Maori broadcast funding agency Te Mangai Paho is sounding the alarm about moving Maori language news off TV One.

Broadcasting Minister Jonathon Coleman has indicated the government was considering splitting Television New Zealand's roles, with TVNZ7 and possibly 6 operating as public service channels, leaving TV1 and TV2 for purely commercial programming.

Te Mangai Paho told Parliament's Maori affairs select committee today that it pays for Te Karere and wants it to stay on TV1.

Chief executive John Bishara says otherwise Te Karere's ratings will suffer.

“Having a space for our Maori language news programme on TV1 helps us achieve our goals to promote te reo Maori me ona tikanga Maori to as many people as we can,” Mr Bishara says

Te Mangai Paho continues to be concerned about the poor time slots Television New Zealand gives to the programmes it funds, which also include Waka Huia and Marae.
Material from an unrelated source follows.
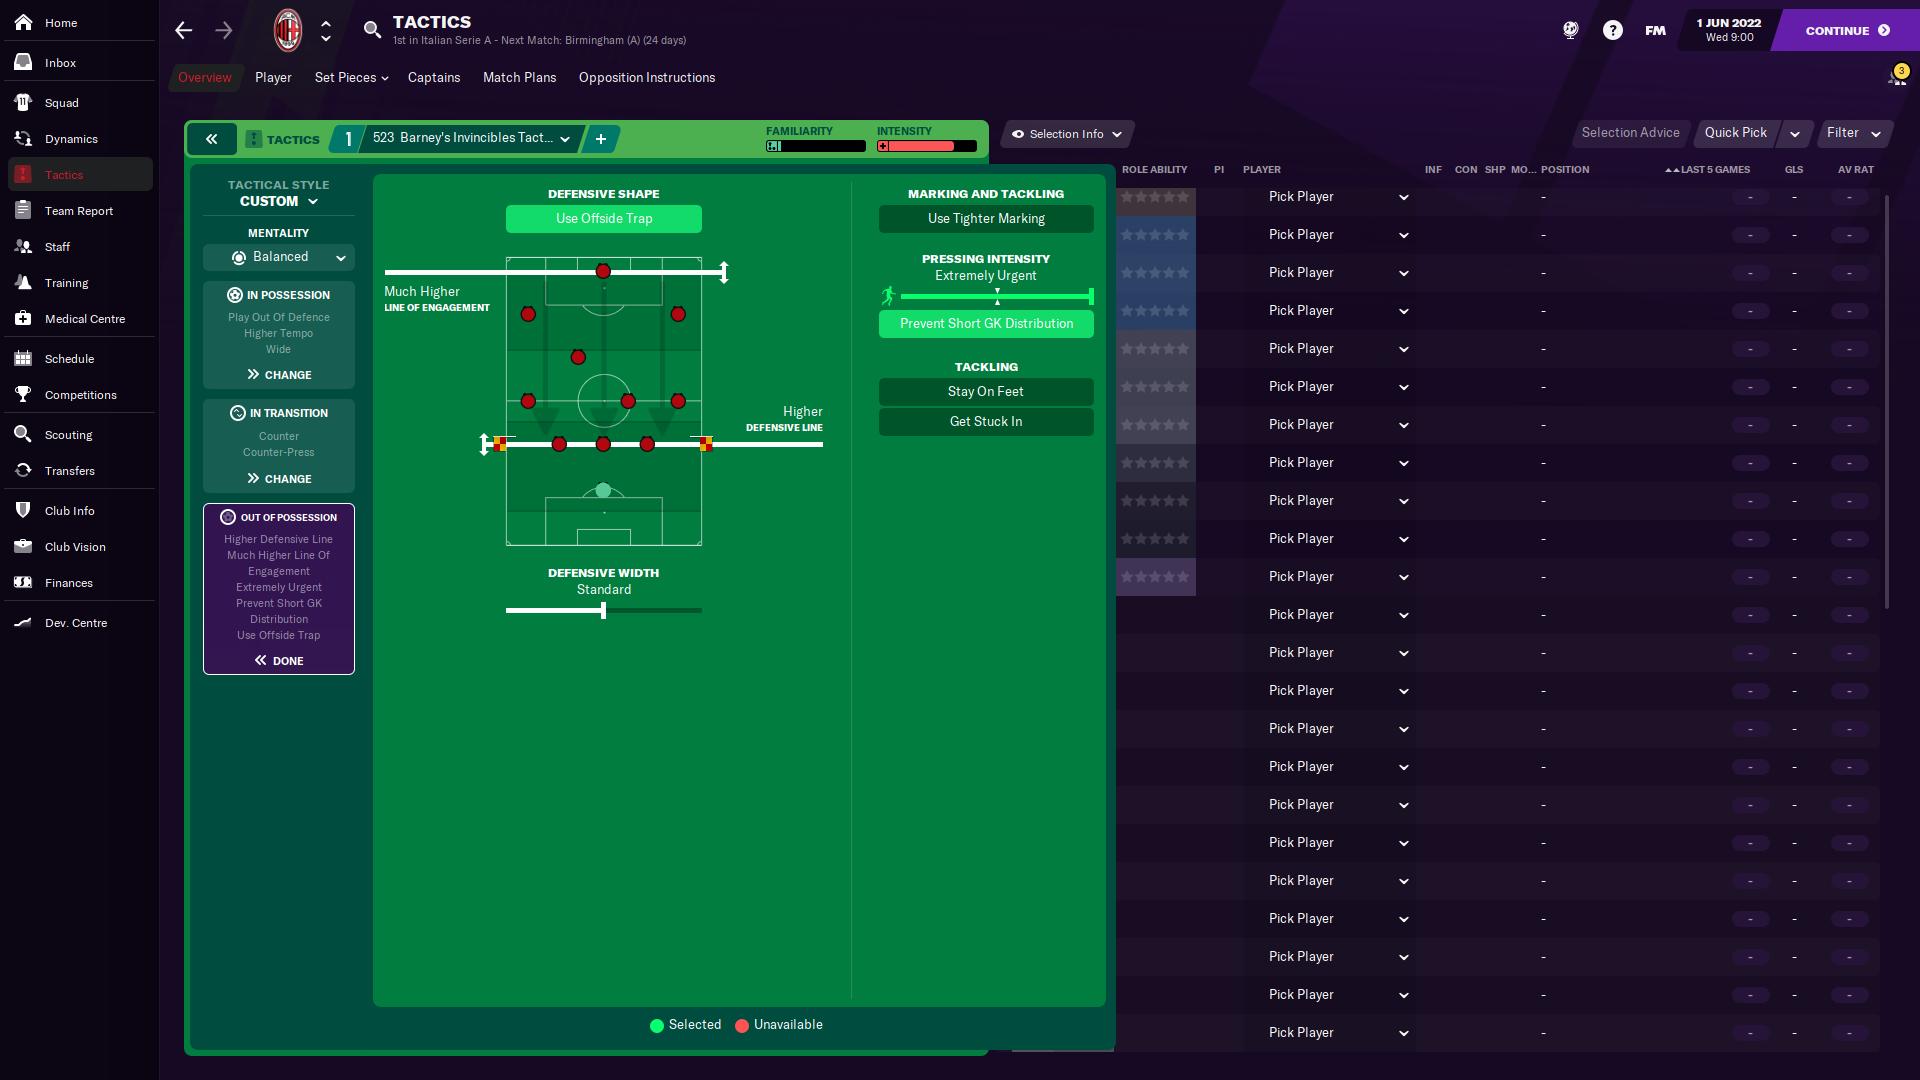 Football Manager Screenshot 2020.12.15 - 14.24.02.04.png

The cultural advisor to New Zealand's Olympic and Commonwealth Games teams is disappointed the government has decided not to tono for the 2018 Commonwealth Games.

Prime Minister John Key says New Zealand can't afford the expected $600 million cost of hosting the event.

Amster Reedy from Ngati Porou says Maori athletes thrive on international competition, and not to be able to perform in front of their whanau on their home turf is a chance lost.

He’d like to see waka ama become a Commonwealth Games sport.


The hapu at Porongahau is pushing ahead with rebuilding its marae this weekend despite the death of one of its young leaders.

Bevan Tipene Matua drowned yesterday while collecting kaimoana for the influx of people expected for the Marae DIY makeover.

He returned to live at the coastal Hawkes Bay village last year after training as a scientist and working in policy development.

Mr Tipene-Matua was also a Green spokesperson on Maori issues.
His uncle Piri Sciascia says his death is a huge loss to the closely-knit hapu.

Bevan Tipene-Matua is expected to be buried on Friday or Saturday, and the restoration project will be done in his honour.